In the U.K., mephedrone filled a void created by the rapidly declining quality of cocaine and ecstasy. Where street-level cocaine 10 years ago often sold at 66-per-cent purity, authorities in England say they are now seizing samples as low as 3-per-cent purity. Users were drawn to the drug on the promise of a brief but intense euphoria combining the best elements of cocaine and ecstasy.

What’s more, it was cheap, costing half the price of the $60 a gram that Britons were dropping on adulterated cocaine. “It proved very attractive for disillusioned cocaine users,” said Allen Morgan, a prominent expert witness in U.K. drug trafficking cases.

But its most appealing quality had to be its ambiguous legal status. “There were no controls and the police were unable to take any action,” Mr. Morgan said. “Essentially the drug was legal, clean and unadulterated and it took off. There hasn’t been a drug for a long time that has become so publicly prominent.”

Head shops began selling mephedrone over the counter and online. Scooter delivery services started up so users could order it to their doors like fresh pizza.

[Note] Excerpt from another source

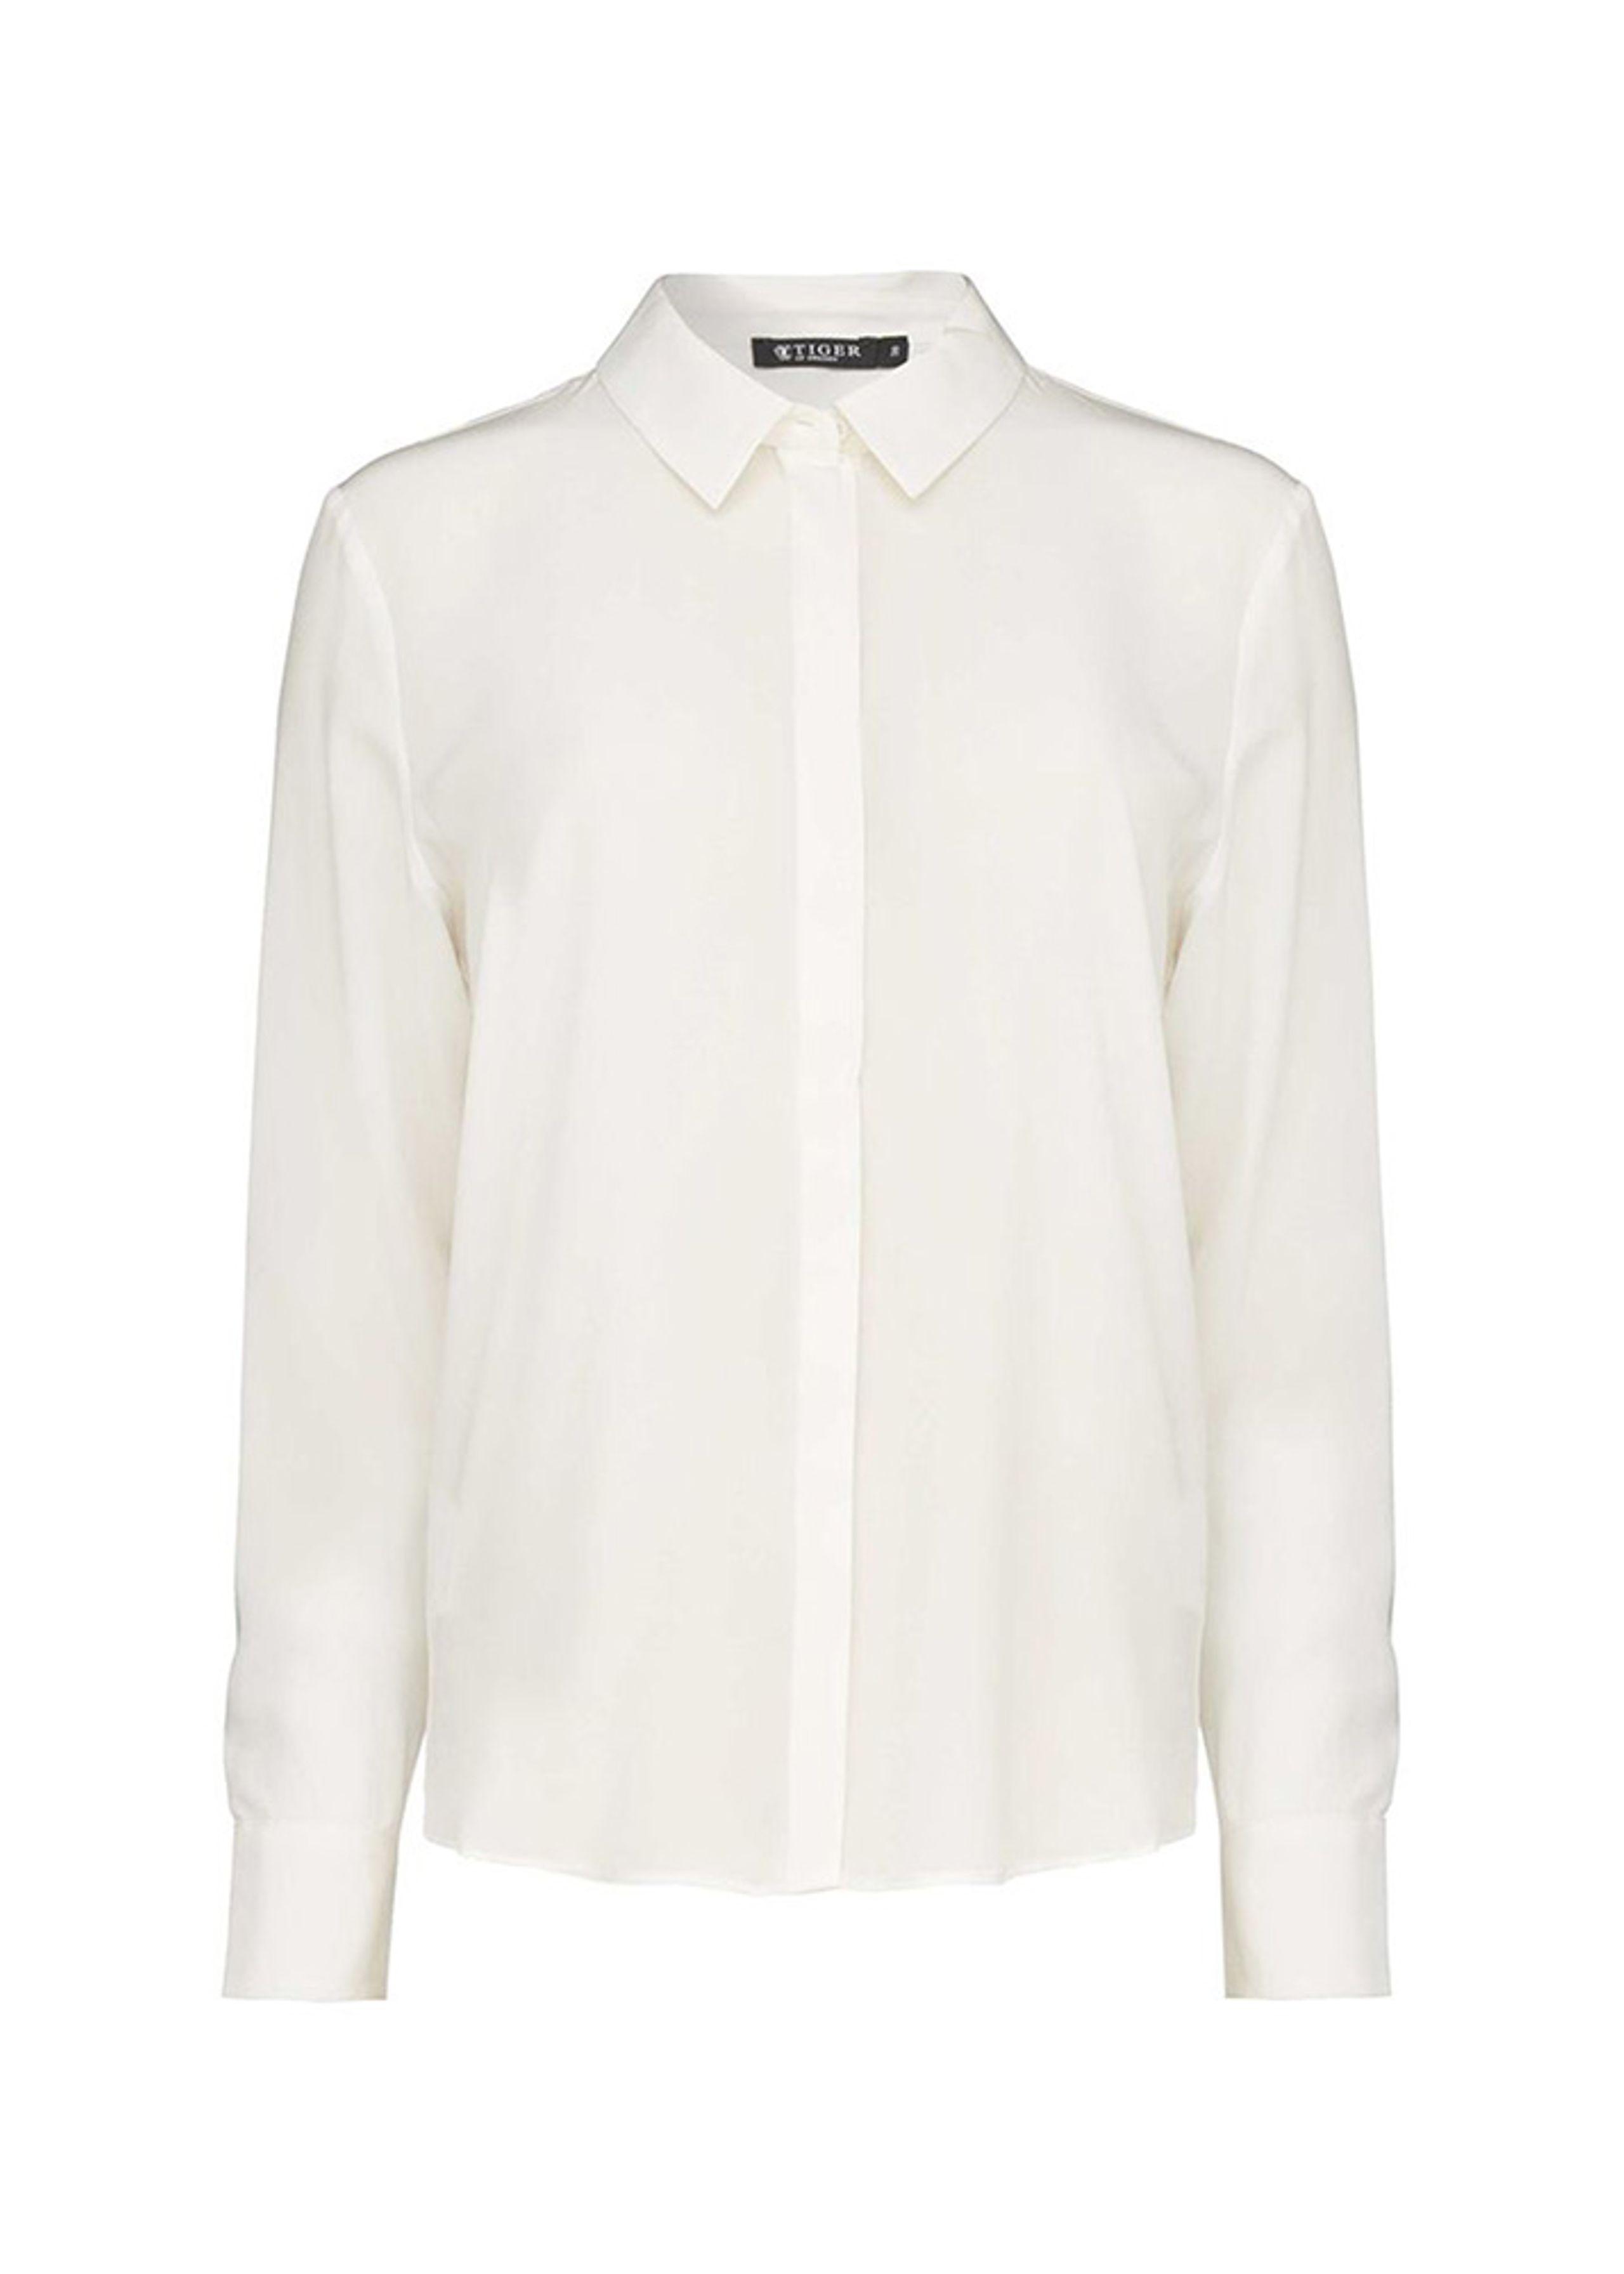 cfdf7c10933 Silwa skjorte fra Tiger of Sweden - Silkeskjorte - Hvid skjorte

But serious health effects began emerging in late 2009 and 2010, with dozens of mephedrone users admitted to emergency rooms complaining of heart palpitations, anxiety, nausea, hypertension and vomiting. The British Parliament finally banned it in April of last year after media reports linking mephedrone to several deaths. Producers soon tweaked the drug’s chemistry enough to once again obscure its legality, prompting a cat-and-mouse game between drug-makers and legislators.

The law isn’t so vague in Canada. As an analogue of amphetamine, mephedrone is a Schedule 3 controlled substance. The Toronto-area bust – which included seizures of cocaine, marijuana and hashish – led to 19 arrests on 115 charges. The street value of the mephedrone was pegged at around $350,000.

“We’re trying to scramble and educate ourselves as to what this is,” Inspector Farquharson said. “And, at the same time, we’re hoping it’s a one-off.”